How can I get the encoding of current document?
-
Hello, I want to get the encoding of current document, such as UTF8、ANSI、Chinese GB2312。
I use code below:
int32_t buffer_id = ::SendMessage(nppData._nppHandle, NPPM_GETCURRENTBUFFERID, 0, 0);
int32_t encoding = ::SendMessage(nppData._nppHandle, NPPM_GETBUFFERENCODING, buffer_id, 0);The encoding return 0, when the document’s encoding is ANSI(show in Encoding menu of Notepad++),But Both return 4 when the document’s encoding is UTF8 and Chinese GB2312.
So, I can’t distinguish UTF8 and GB2312. What’s wrong?

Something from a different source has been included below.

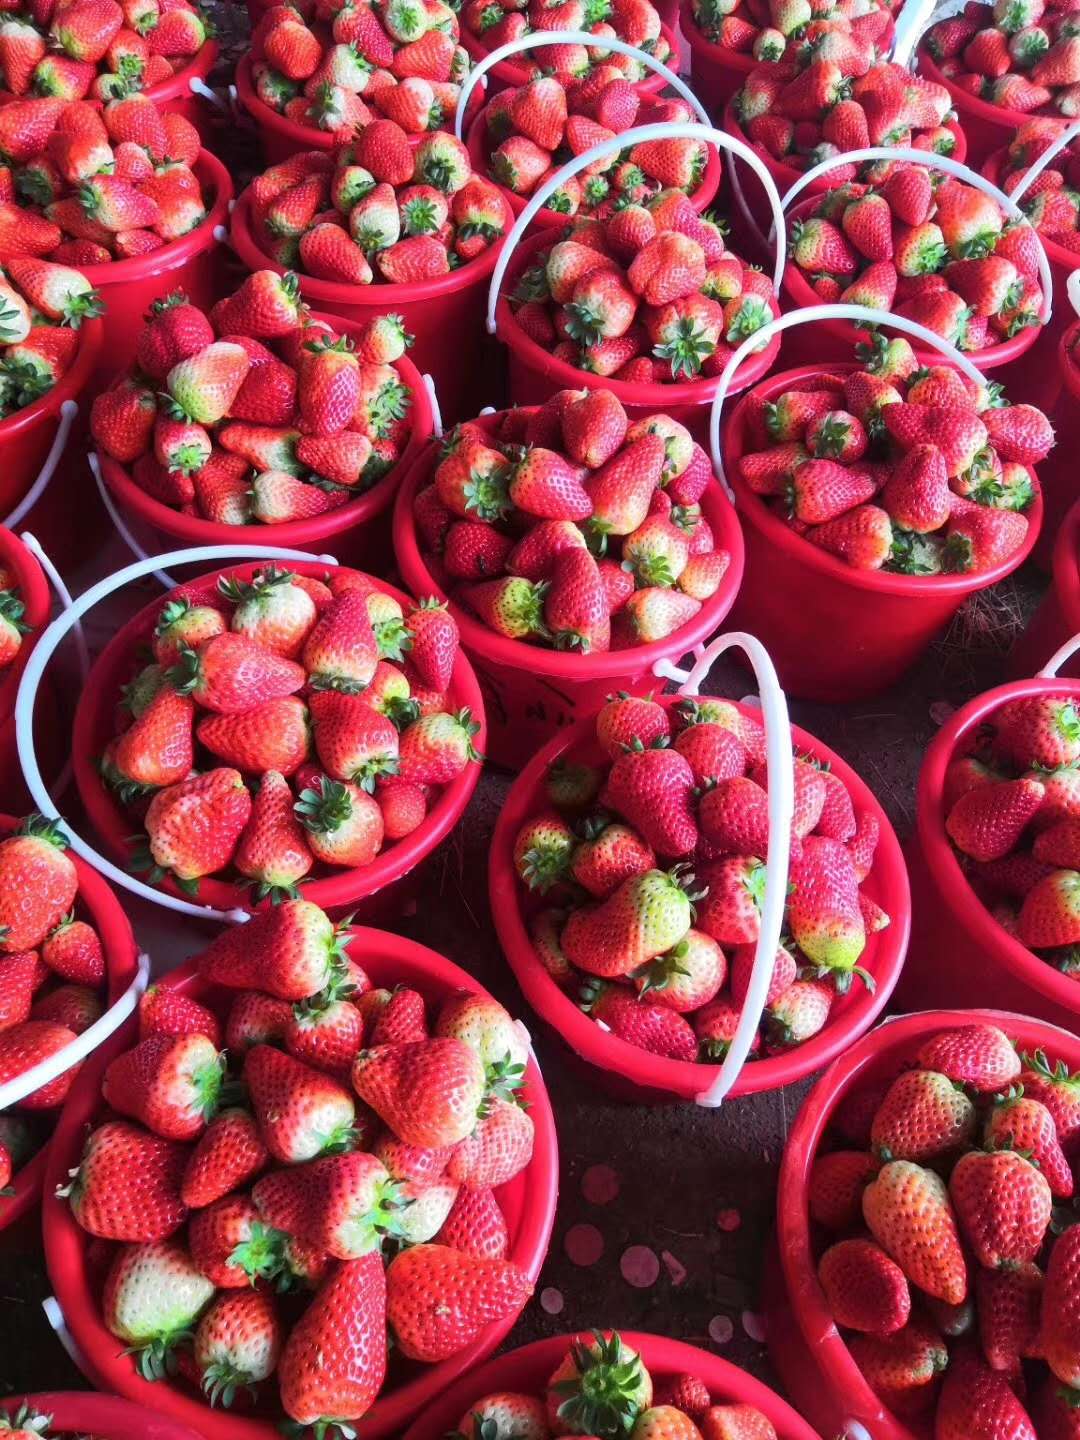 草莓苗成苗一亩苗价格、妙香草莓苗一亩苗价格

Thanks a lot!
-
First, is this relevant?
Getting encoding in x64 plugin
Second, make sure you distinguish encoding from codepage.
Perhaps you need also Scintilla SCI_GETCODEPAGE message. -
@xb-zhou said in How can I get the encoding of current document?:
So, I can’t distinguish UTF8 and GB2312. What’s wrong?
Per documentation, NPPM_GETBUFFERENCODING returns a UniMode enum, which is defined here.
Notepad++ doesn’t handle character sets internally the way it appears to a user. For editing, everything is either in the user default code page (“ANSI”) or in UTF-8. Whenever you’re not using the default code page, Notepad++ uses UTF-8 (so it is possible to enter and see characters that aren’t in the code page). Translation to other code pages is done when reading and writing the file. I don’t know the details beyond that; if no one else responds with a deeper explanation, you’ll probably need to read the code to figure out what will work for your particular use case.
-
THIS THREAD got off into a tangent about encoding issues; might want to have a look there to round out some understanding about how it all works.
-
@gstavi Yes,SCI_GETCODEPAGE message is what I find. Thank you verymuch.
-
@Coises Thank you for your answer! It was very valuable.
-
@Alan-Kilborn Thank you!
-